--- Work order ---
Exact copy, no pictures: return all the data below as written.
Data block Start Marker
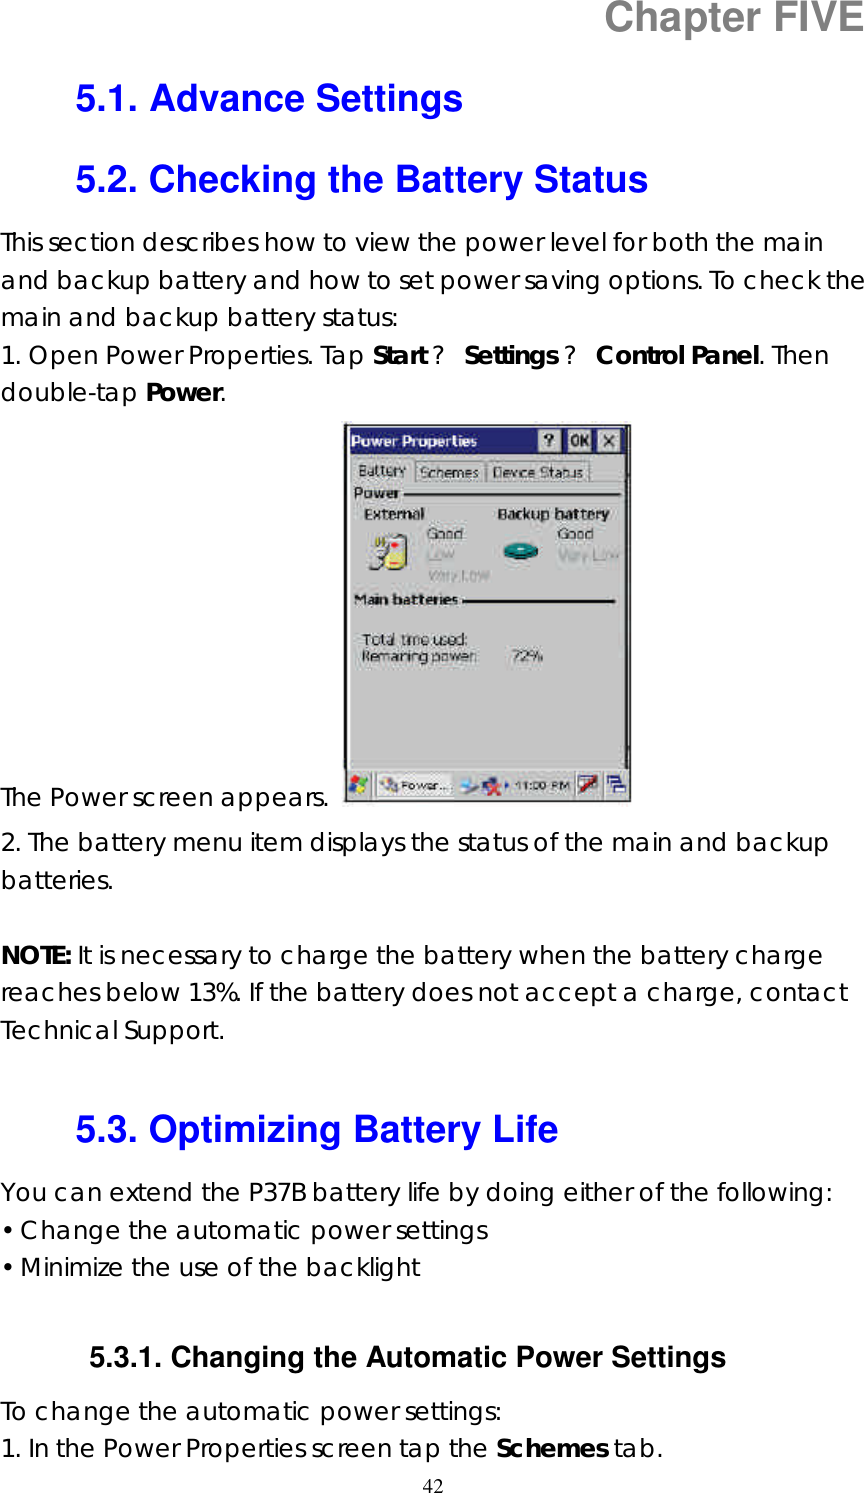  42Chapter FIVE 5.1. Advance Settings 5.2. Checking the Battery Status This section describes how to view the power level for both the main and backup battery and how to set power saving options. To check the main and backup battery status: 1. Open Power Properties. Tap Start ? Settings ? Control Panel. Then double-tap Power.  The Power screen appears.   2. The battery menu item displays the status of the main and backup batteries.  NOTE: It is necessary to charge the battery when the battery charge reaches below 13%. If the battery does not accept a charge, contact Technical Support.  5.3. Optimizing Battery Life You can extend the P37B battery life by doing either of the following: • Change the automatic power settings • Minimize the use of the backlight  5.3.1. Changing the Automatic Power Settings To change the automatic power settings: 1. In the Power Properties screen tap the Schemes tab. 
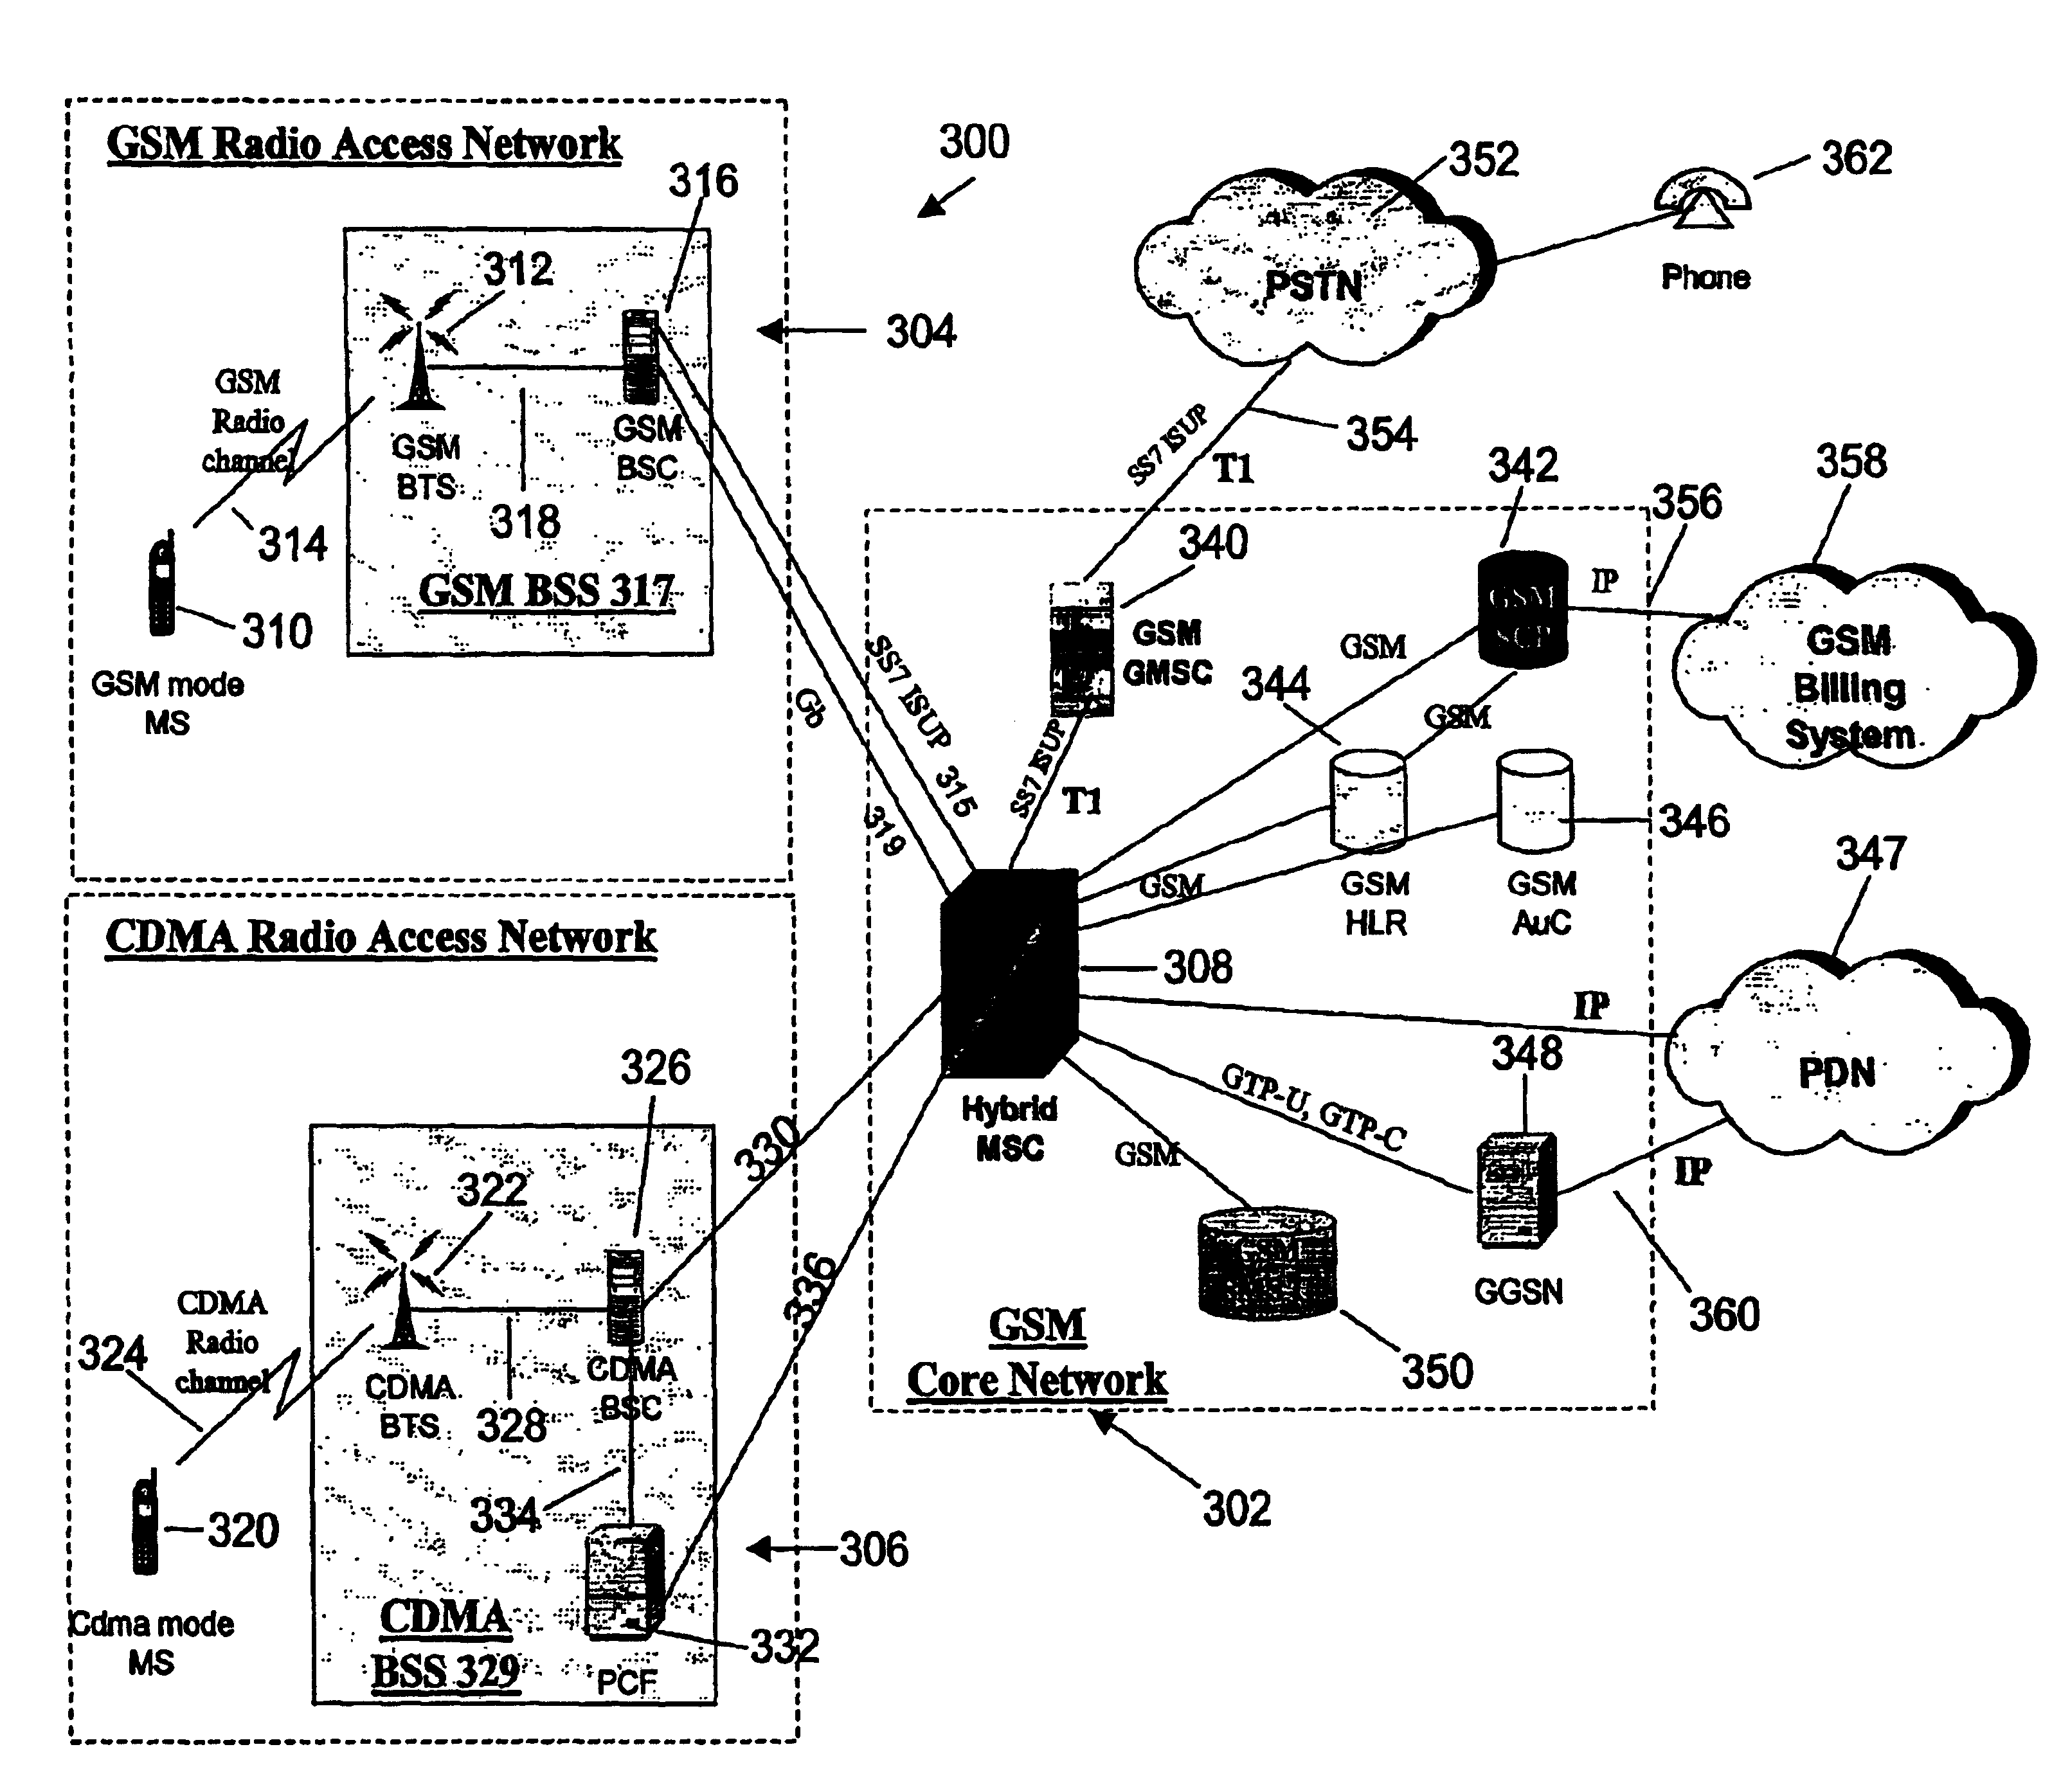 Method and system to send SMS messages in a hybrid network
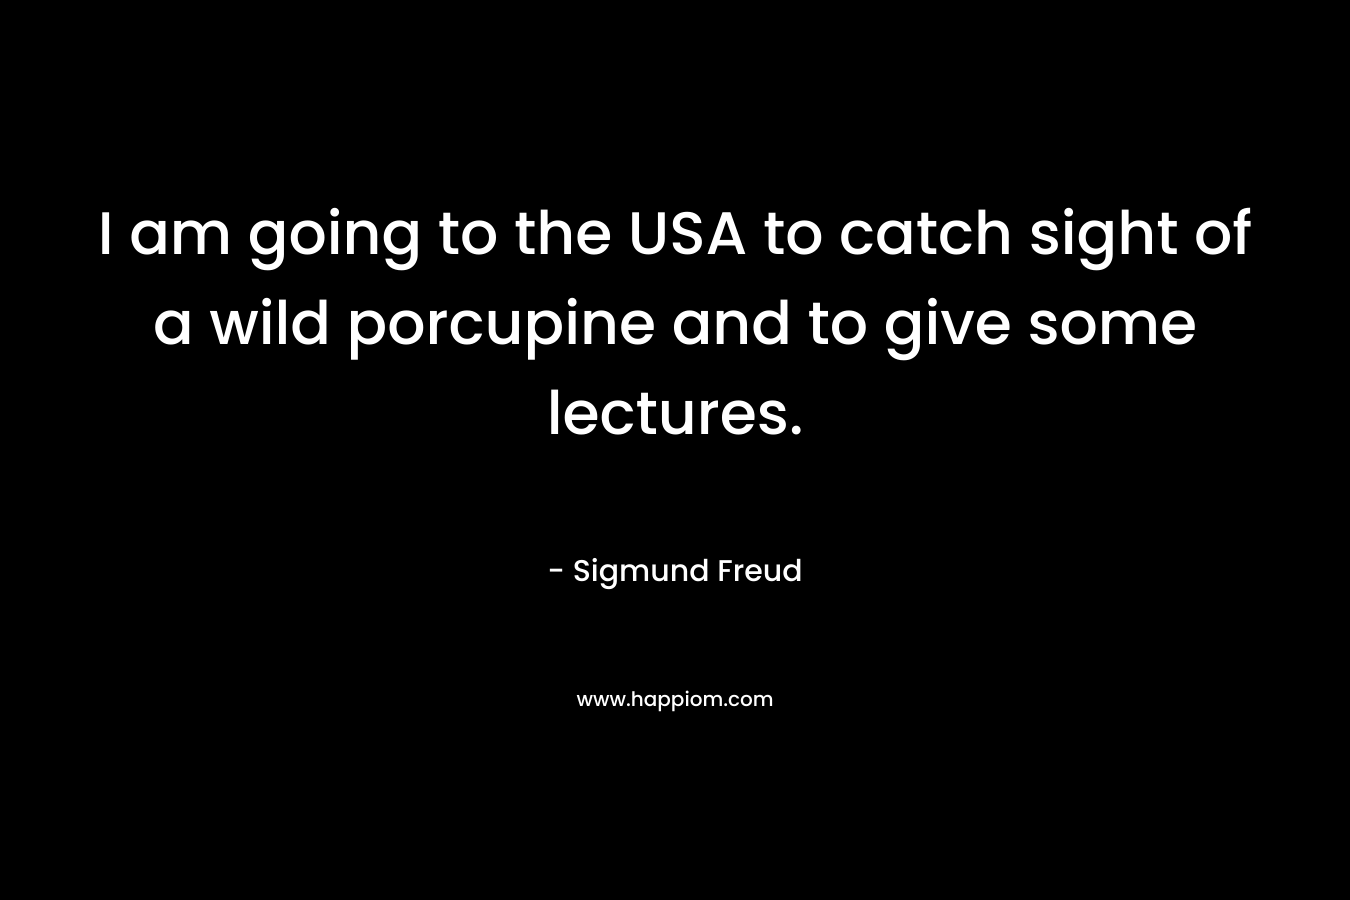 I am going to the USA to catch sight of a wild porcupine and to give some lectures. – Sigmund Freud
Data block End Marker
--- Written solution ---
  42Chapter FIVE 5.1. Advance Settings 5.2. Checking the Battery Status This section describes how to view the power level for both the main and backup battery and how to set power saving options. To check the main and backup battery status: 1. Open Power Properties. Tap Start ? Settings ? Control Panel. Then double-tap Power.  The Power screen appears.   2. The battery menu item displays the status of the main and backup batteries.  NOTE: It is necessary to charge the battery when the battery charge reaches below 13%. If the battery does not accept a charge, contact Technical Support.  5.3. Optimizing Battery Life You can extend the P37B battery life by doing either of the following: • Change the automatic power settings • Minimize the use of the backlight  5.3.1. Changing the Automatic Power Settings To change the automatic power settings: 1. In the Power Properties screen tap the Schemes tab. 
 Method and system to send SMS messages in a hybrid network
 I am going to the USA to catch sight of a wild porcupine and to give some lectures. – Sigmund Freud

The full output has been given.